Label the position of the serchlight $S$. The nearest point on the road to $S$ might as well be called $O$. At a certain time $t$, the searchlight illuminates the point $X=X(t)$ on the road. Put $X$ say to the right of $O$. Call the $x$-coordinate of $X$ by the name $x=x(t)$.

Let $\theta=\theta(t)$ be the angle the beam has travelled through in time $t$. We measure angle with respect to the line $ON$.

For the picture, let $\theta=\angle XON$. Then $\tan\theta=\dfrac{x}{100}$.

Over to you! We know $\frac{d\theta}{dt}$ and want $\frac{dx}{dt}$.
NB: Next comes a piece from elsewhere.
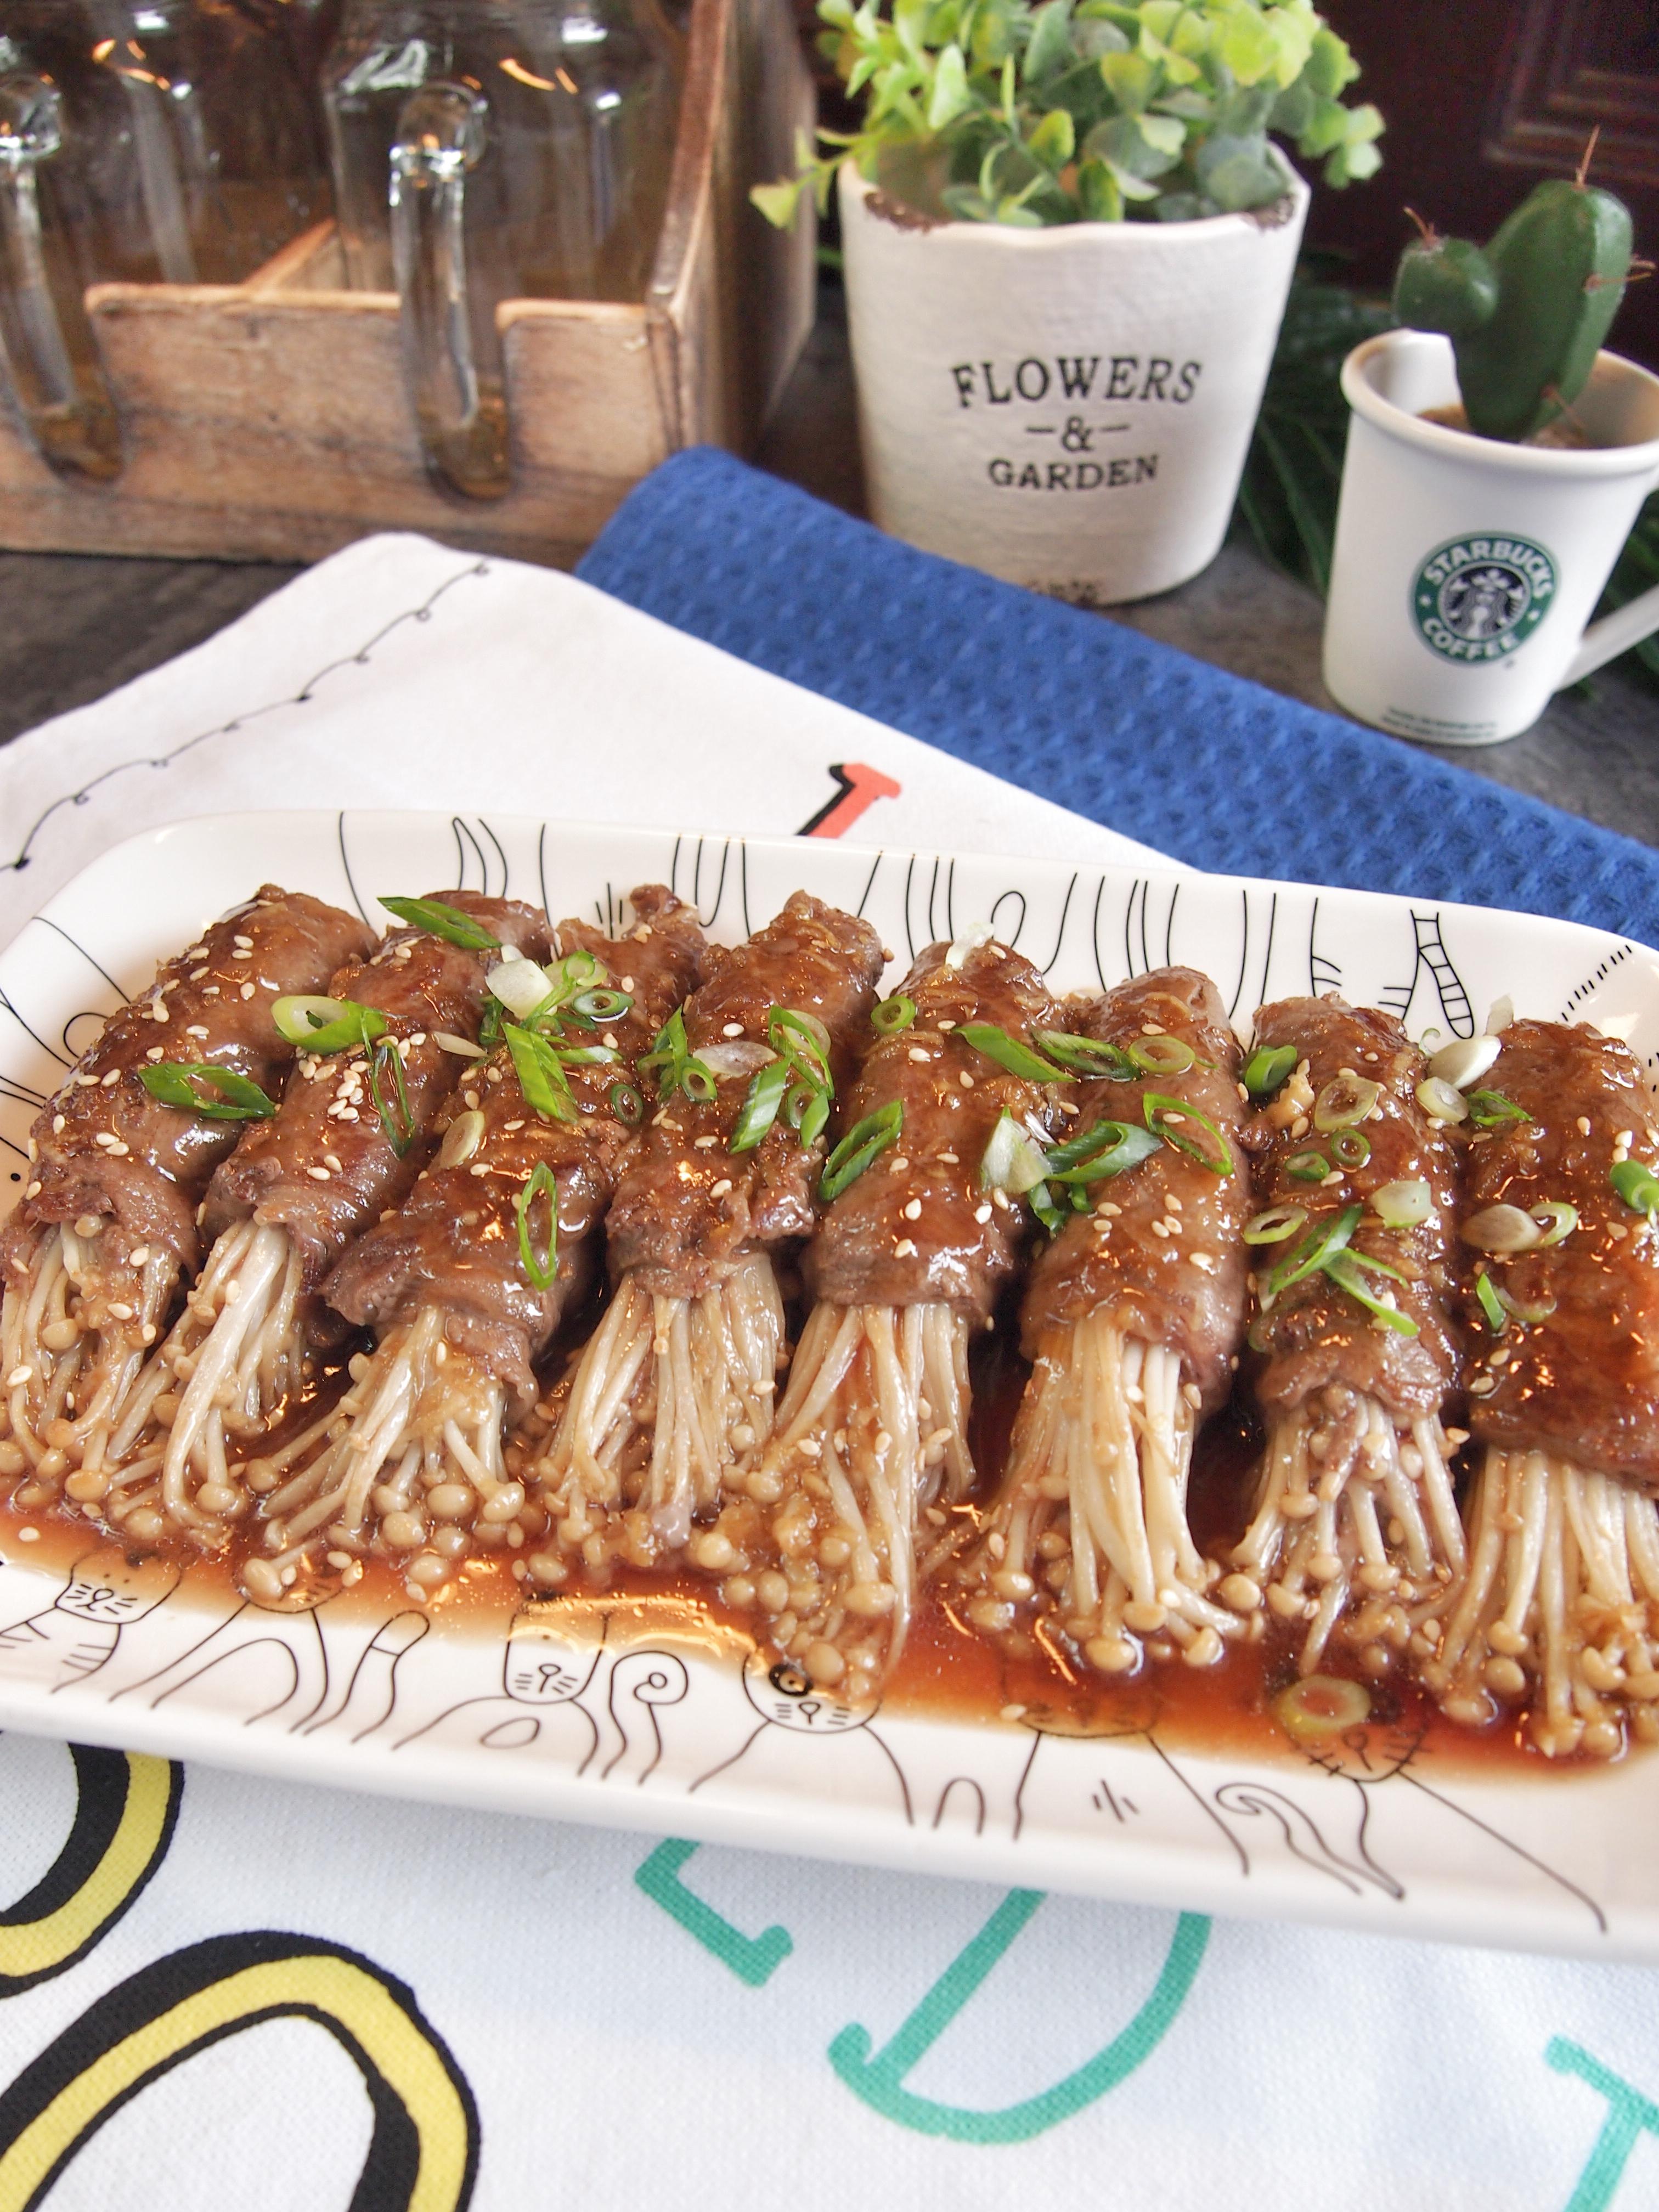 SUPER EASY Japanese Enoki (Mushroom) Beef Rolls in Teriyaki Sauce Recipe 金菇肥牛卷
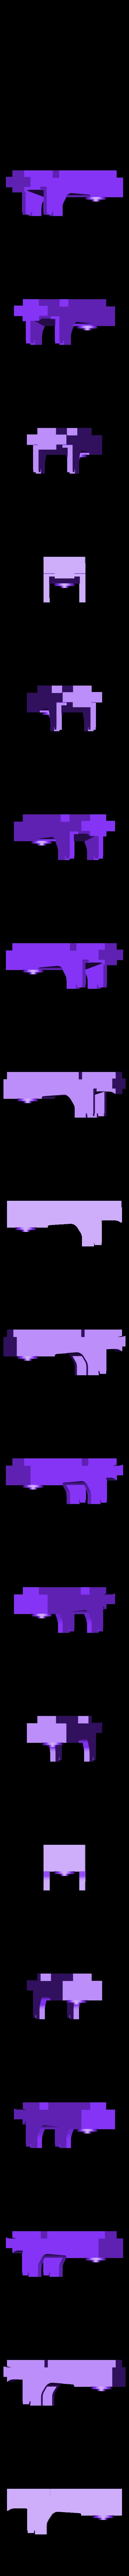 Front_Engine_-_Part_8.STL Download free STL file 4-8-8-4 Big Boy Locomotive • 3D printer object, RaymondDeLuca

Added: We could now solve for $x$ in terms of $\theta$. I prefer to differentiate immediately. Using the Chain Rule, we get $$\sec^2\theta \frac{d\theta}{dt}=\frac{1}{100}\frac{dx}{dt}.$$ On the assumption the rotation is counterclockwise, we get that $\frac{d\theta}{dt}=\frac{\pi}{6}$. That gives $$\frac{dx}{dt}=\frac{100\pi}{6}\sec^2\theta.$$ The minimum value of $\sec^2\theta$ is reached at $\theta=0$ (and $2n\pi$ for any positive integer $n$). As the intuition readily verifies, the minimum rate of change of $x$ is when $x=0$, that is, when the beam illuminates the nearest point $N$ on the road.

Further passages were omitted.